Note that we need to specify the number of bytes we want to set to 0, thus we say sizeof(int) multiplied by the number of array elements. It's always good practice to use sizeof, even if you think you can assume that the size of an int is 4. Don't make that assumption; use sizeof.

One last way that array contents can be initialized is to use C initializer syntax. Say that we just want to create an array of 10 scores. We could initialize the array as follows:

int scores[10] = { 1, 2, 3, 4, 5, 6, 7, 8, 9, 10};

The initializer syntax in C is just a set of curly braces, within which are comma-separate values. You can even leave off the array size if you give an initializer, and the compiler will figure out how large to make the array:

int scores[] = { 1, 2, 3, 4, 5, 6, 7, 8, 9, 10}; // equivalent to above

The initializer syntax is especially useful for small-ish arrays for which the initial values are not all identical.

5.1.2. sizeof and arrays

The built-in sizeof function works with arrays. Specifically, it will return the number of bytes occupied by the array, which is quite helpful. So, the memset code we wrote earlier could be replaced with:

// at the top of your source code
#include <string.h>

int scores[100];
memset(scores, 0, sizeof(scores));

5.1.3. No array bounds checking!

It is a very common error to try to refer to a non-existent array element. Unlike Java or Python, in which an out-of-bounds array (or list) reference will result in an exception, C will happily attempt to access the non-existent element. The program behavior in such a case is undefined, which basically means that anything can happen. Your program might crash, but it might not. It might behave as you expect, but it might not. It might cause your computer to levitate or to spontaneously combust. Who knows? Yuck. Welcome to C.
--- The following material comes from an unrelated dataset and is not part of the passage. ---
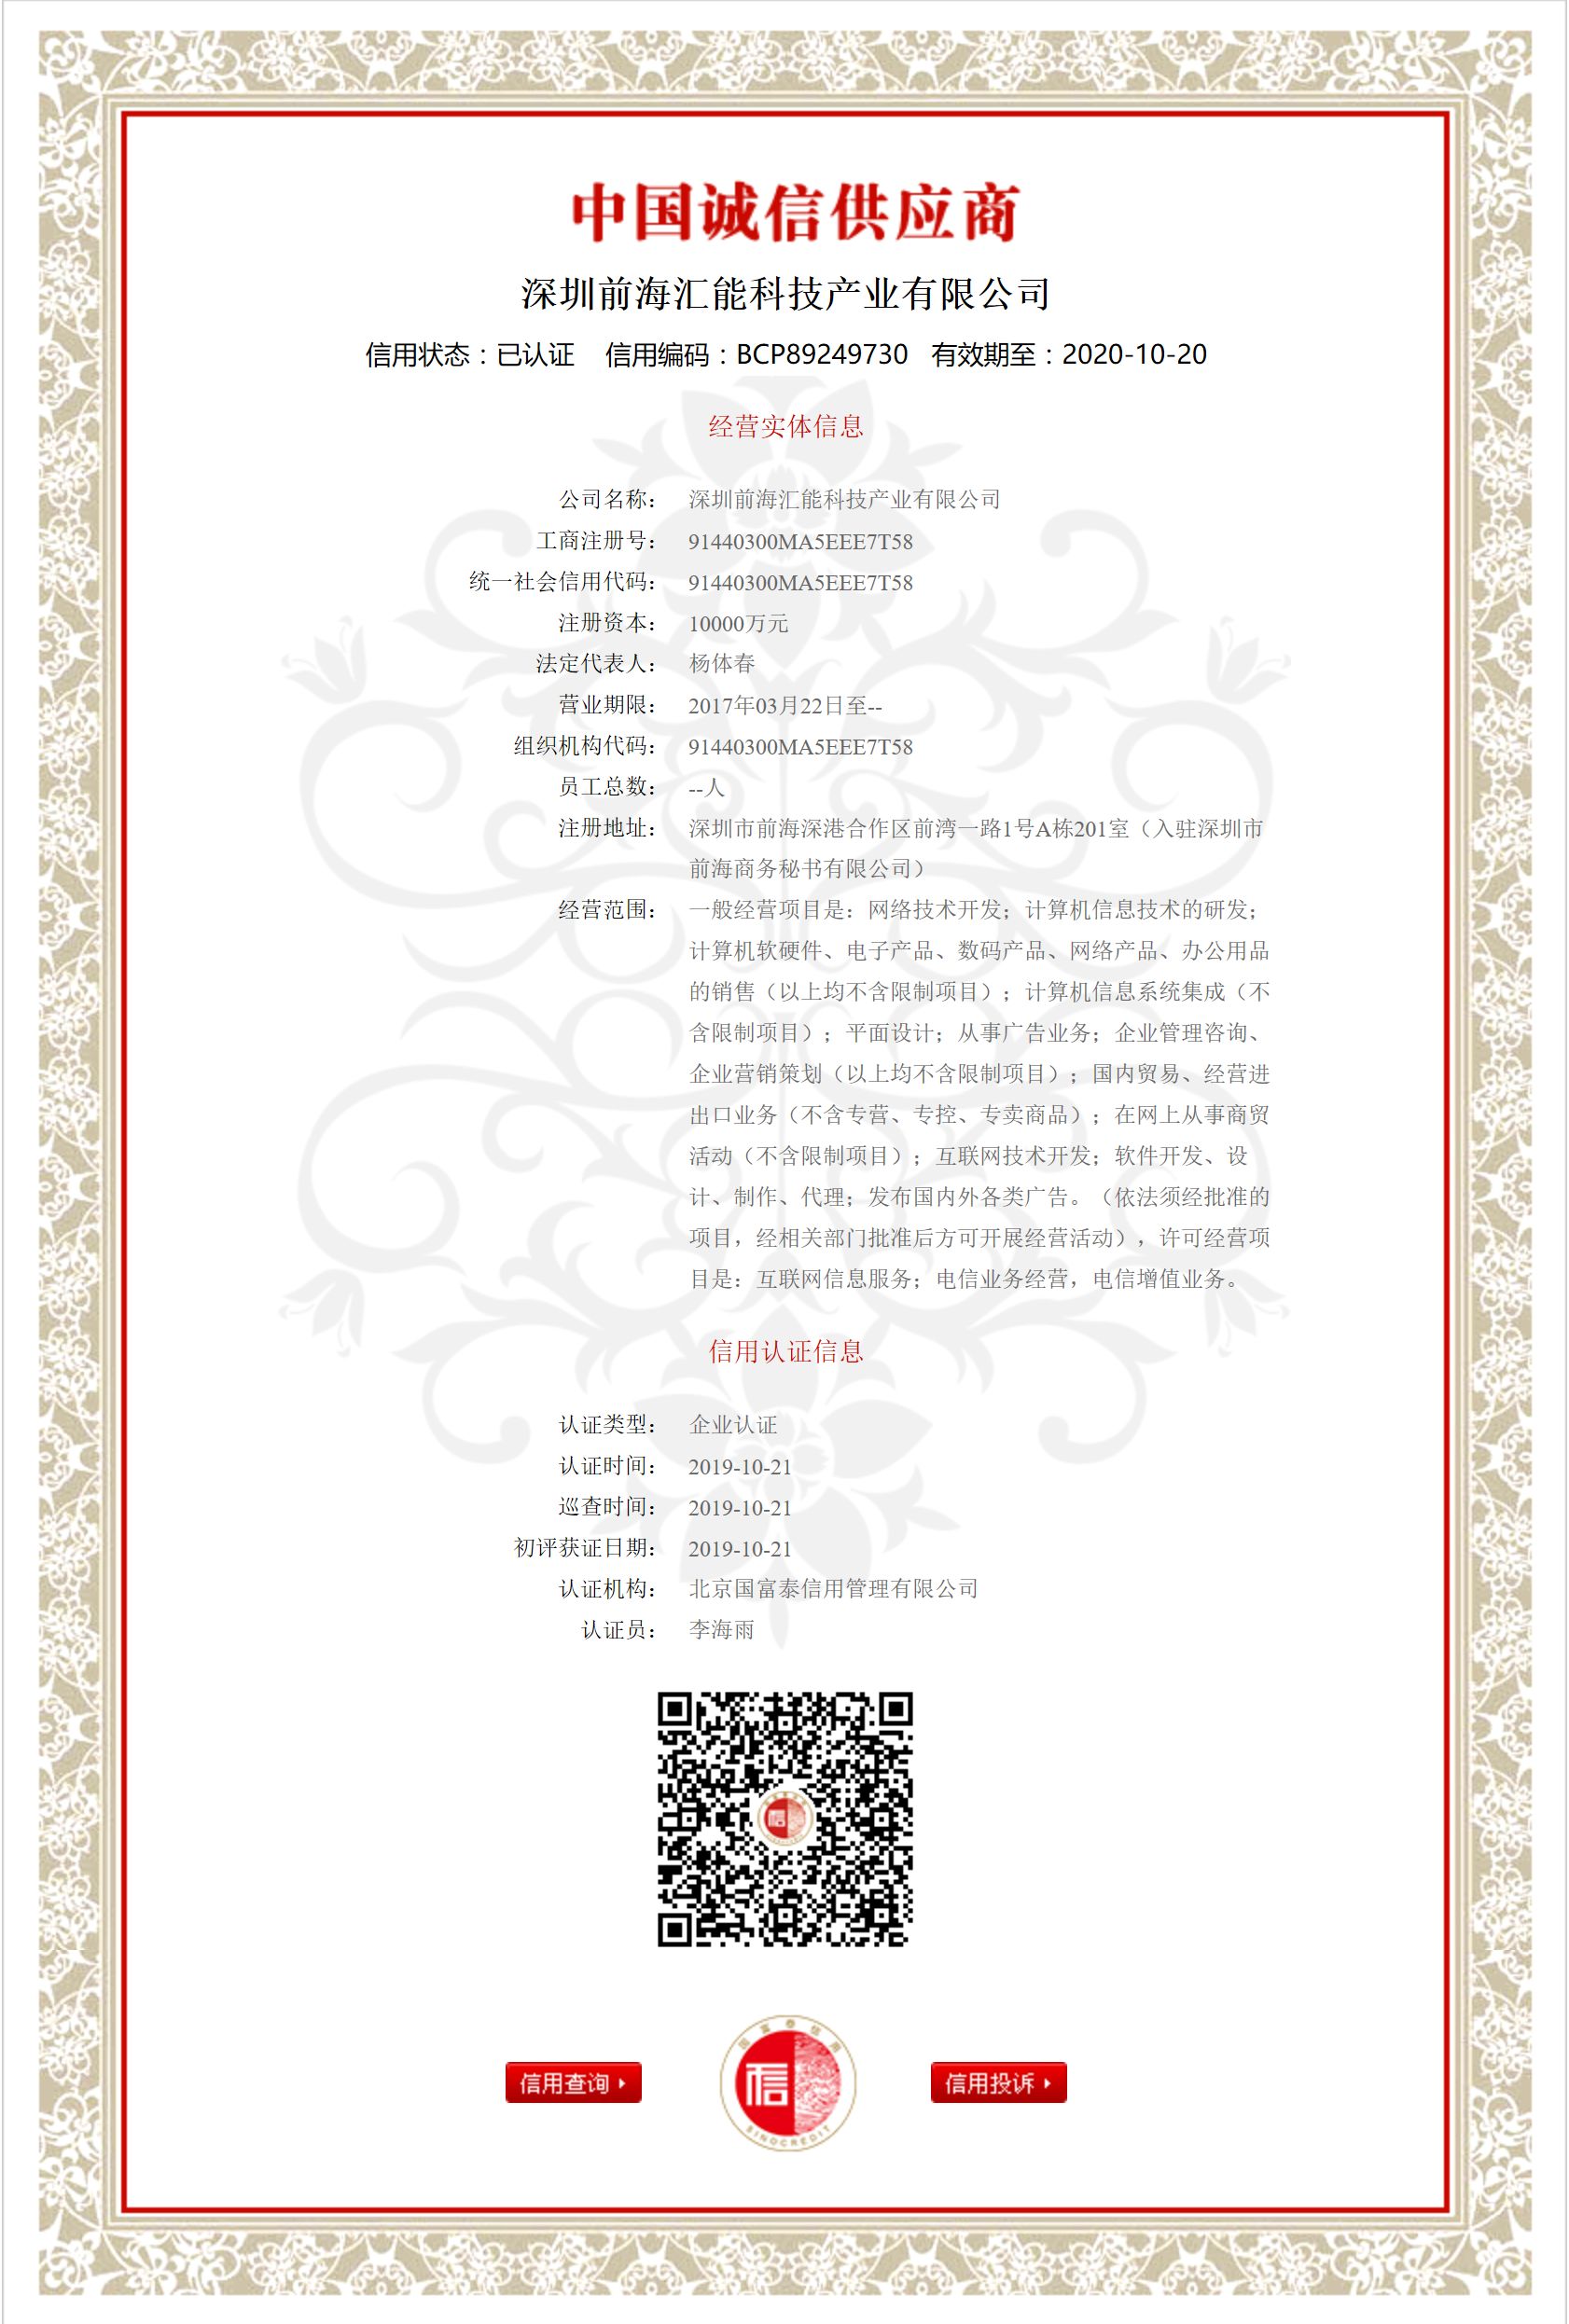 中国诚信供应商证书

So what you can you do about this? The best thing is to use good tools for detecting memory corruption and bad array accesses. The valgrind tool [1] is especially good in this regard, and is highly recommended. Its output can be somewhat difficult to understand at first, but it is a hugely helpful tool when trying to debug seemingly random program behavior.
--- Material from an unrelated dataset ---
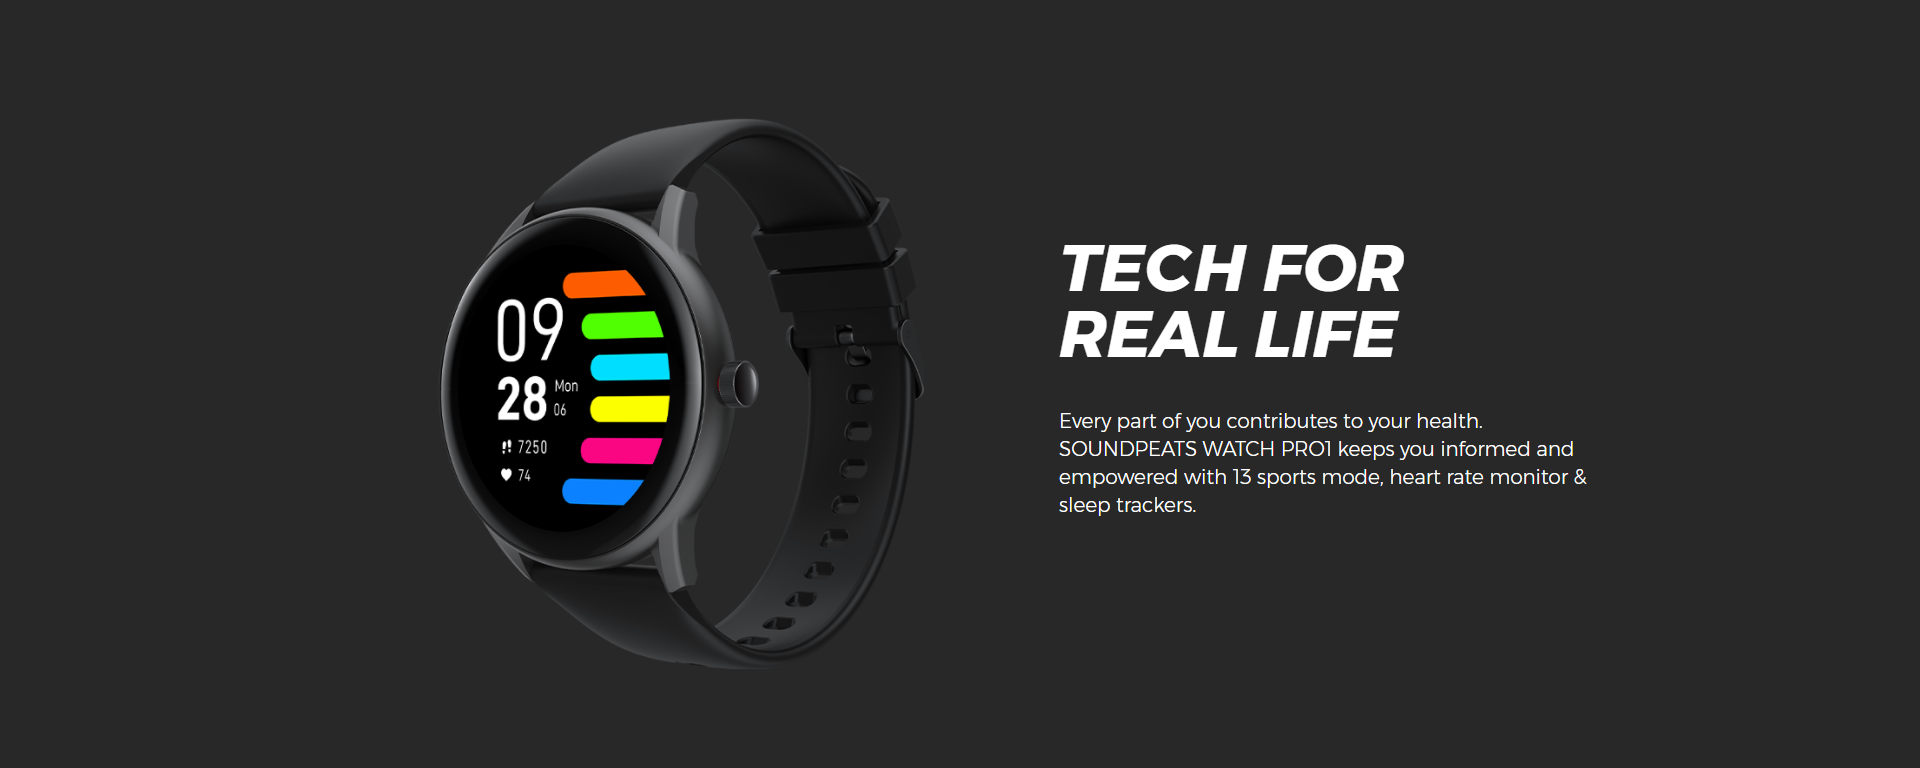 smart watches watch pro Soundpeats 2

Besides valgrind, you can use the clang static analyzer. This tool analyzes your code to find potential bugs, too, but it is pretty fast (it doesn't actually execute your code) and the output is a little easier to grasp than valgrind. The tool to invoke is called scan-build [2], and can be used on the command line before any compiler tols that you invoke. For example, consider the following program that increments an uninitialized variable (thus leading to undefined behavior):

#include <stdio.h>
#include <stdlib.h>

int main() {
    int x;
    x += 10;
    printf("%d\n", x);
    return EXIT_SUCCESS;
}

Running scan-build on this code results in the following:

$ scan-build clang uninit.c
scan-build: Using '/usr/lib/llvm-3.8/bin/clang' for static analysis
uninit.c:6:7: warning: The left expression of the compound assignment is an uninitialized value. The computed value will also be garbage
    x += 10;
    ~ ^
1 warning generated.
scan-build: 1 bug found.

This is helpful! It's something that ordinary compilation will not uncover (clang compiles this program without warning or error, ordinarily), and errors like this are pretty easy to make for inexperienced C programmers, especially when it comes to arrays and pointers (a topic coming soon). Advice: run scan-build as part of your C regimen.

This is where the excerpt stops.